Here the sample mean is

> x=c(14200,16100,18400,22000 ,15200, 17800, 19300 ,19400 ,13500,15500,21100,
+ 14900 ,12000, 9500,14000,18600 ,13800,17600 ,16000 ,18500,19300,25400,
+ 11500 ,8000,6000, 17400 ,14400,17500 ,12900 ,10200,20400,13300,18000,
+ 19800,12600,7500, 15900 ,21800)
> x
[1] 14200 16100 18400 22000 15200 17800 19300 19400 13500 15500 21100 14900
[13] 12000 9500 14000 18600 13800 17600 16000 18500 19300 25400 11500 8000
[25] 6000 17400 14400 17500 12900 10200 20400 13300 18000 19800 12600 7500
[37] 15900 21800
> mean(x) # gives the sample mean
[1] 15771.05
> v=var(x)

> v
[1] 18426977
# gives vaience with (n-1) as denominator
> n=length(x)
> n
[1] 38

sd = square root of var

> sd= sqrt(v)
> sd
[1] 4292.666

thus s=4235.807

Here the estimated varience is, 18426977 as sd is 4292.666

We have to test, if the financial aid award different from $15,000

To test:  Test of means of one sample mean when population varience is not known

To test :

H0: µ =$15000

Vs H1: µ≠ $15000

Test statistic : t cal =  

T s/n

= $\frac{15771.05-15000 }{4292.666/\sqrt{38}}$

  

t cal = 1.1072

Decision : Here we reject H0 if table value |tcal | > t _{38, $\alpha$}    else accept it.

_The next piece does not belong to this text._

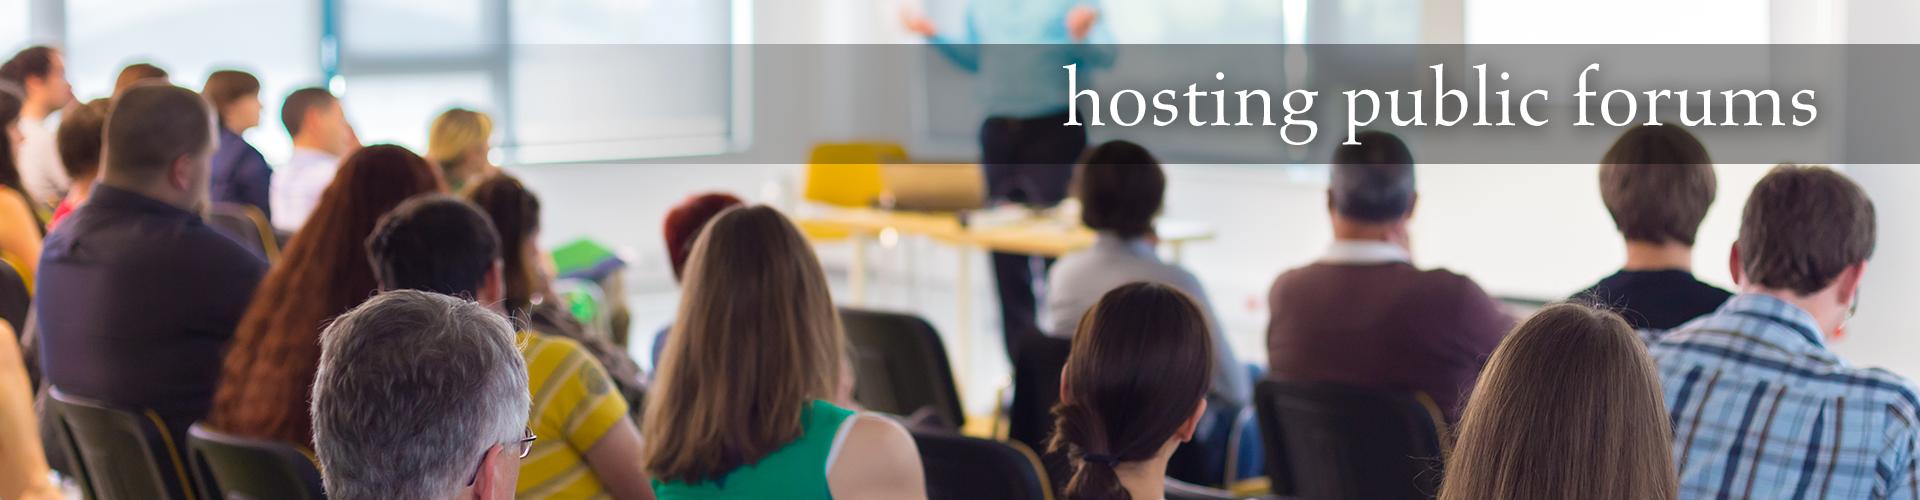 hosting public forums
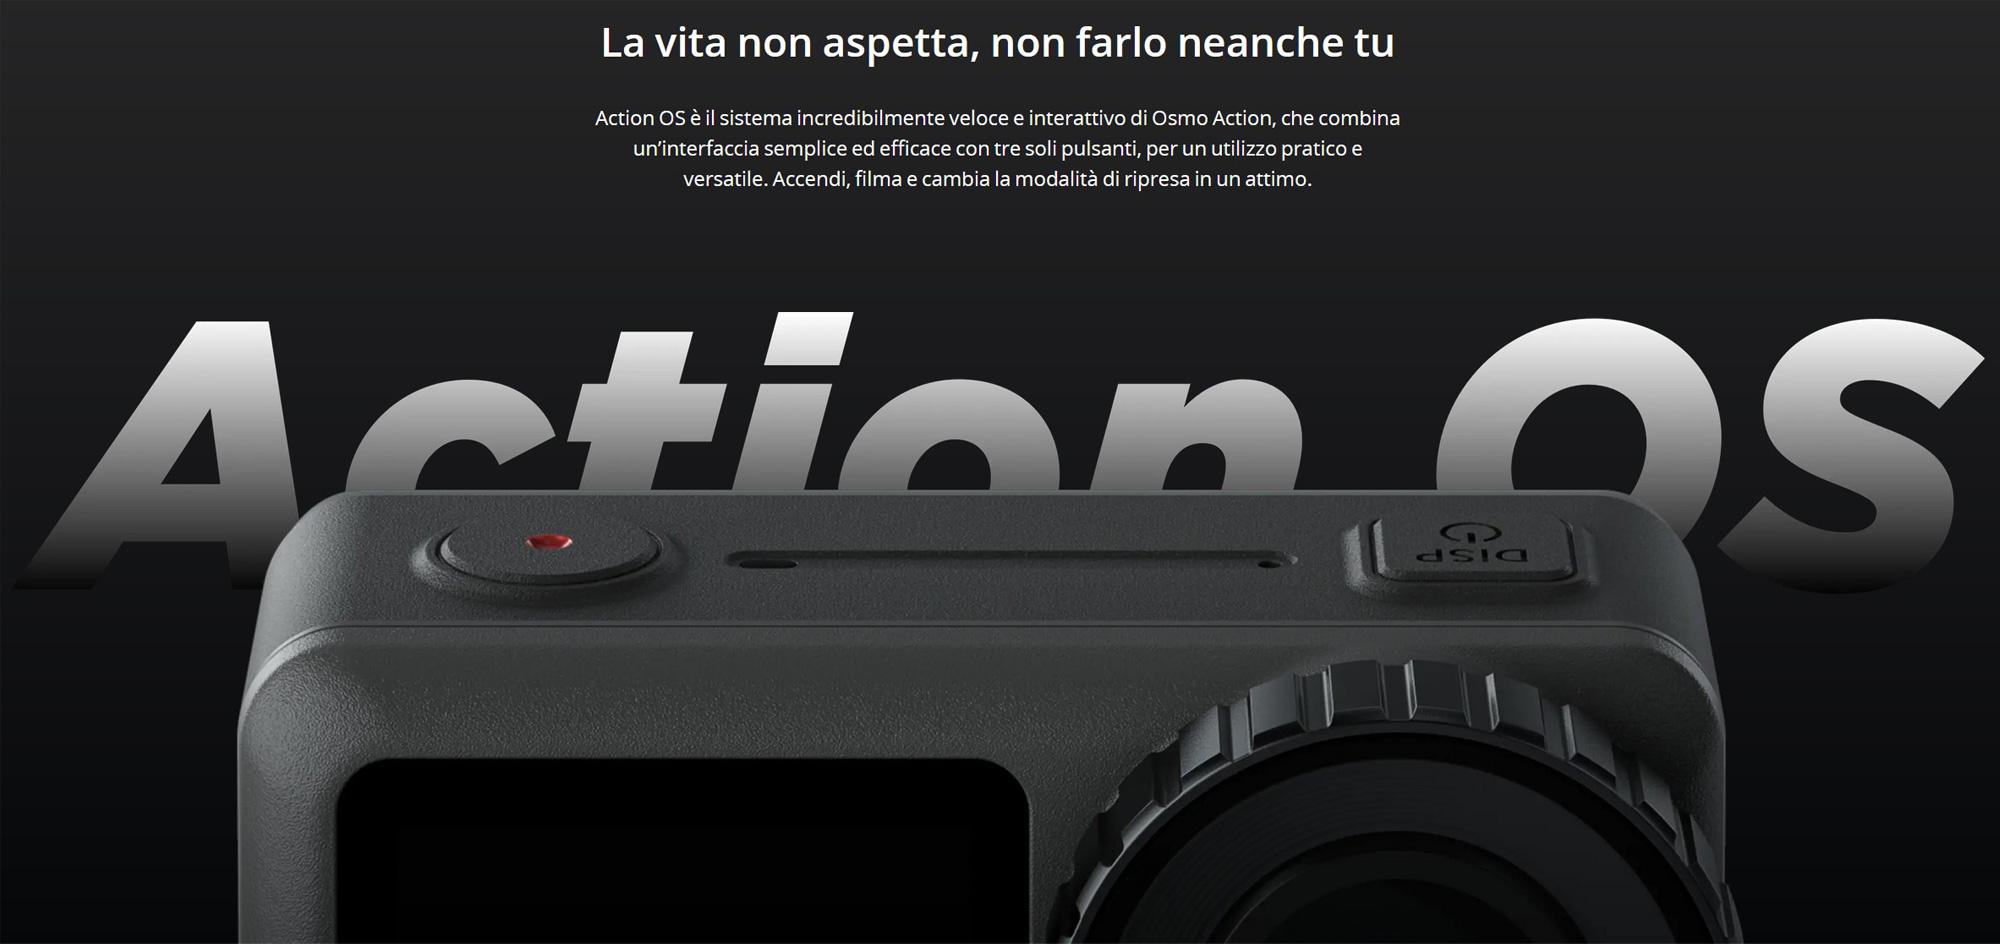 dji-osmo-action-camera_14.jpg

For α=0.05, from t distribution table we get,

Here, tcal = 1.1073 < t _{37 , 0.025 = 2.042}

Hence we accept H0

Now , For α=0.01, from t distribution table we get,

Here, tcal = 1.1073 < t _{37 , 0.005 = 2.524}

Hence we accept H0

Conclusion :

For both the critical regions we accept H0. hence at both los we can say that the financial aid award is not different from $15,000

The R commands are as follows

> t.test(x,mu=15000,conf.level=0.99) # at 1% los

One Sample t-test

data: x
t = 1.1073, df = 37, p-value = 0.2753
alternative hypothesis: true mean is not equal to 15000
99 percent confidence interval:
13880.14 17661.96
sample estimates:
mean of x
15771.05

> t.test(x,mu=15000,conf.level=0.95) # at 5% los

One Sample t-test

data: x
t = 1.1073, df = 37, p-value = 0.2753
alternative hypothesis: true mean is not equal to 15000
95 percent confidence interval:
14360.09 17182.02
sample estimates:
mean of x
15771.05

Now , we have to comment upon the effect of the change in the level of significance on decision

Here we can see that the CI for 99% is (13880.14, 17661.96)

Here we can see that the CI for 95% is ( 14360.09 ,17182.02)

The confidence length for 99% CI is larger.

Also, compare, at each level of significance,

When we compare the level of significance, we surely can say that if the hypothesis is accepted at 99% confidence then it will also accepted at 95% confidence. inverse is not true.

the hypothesis rejected at 99% confidence can be or can not be accepted at 95% confidence level.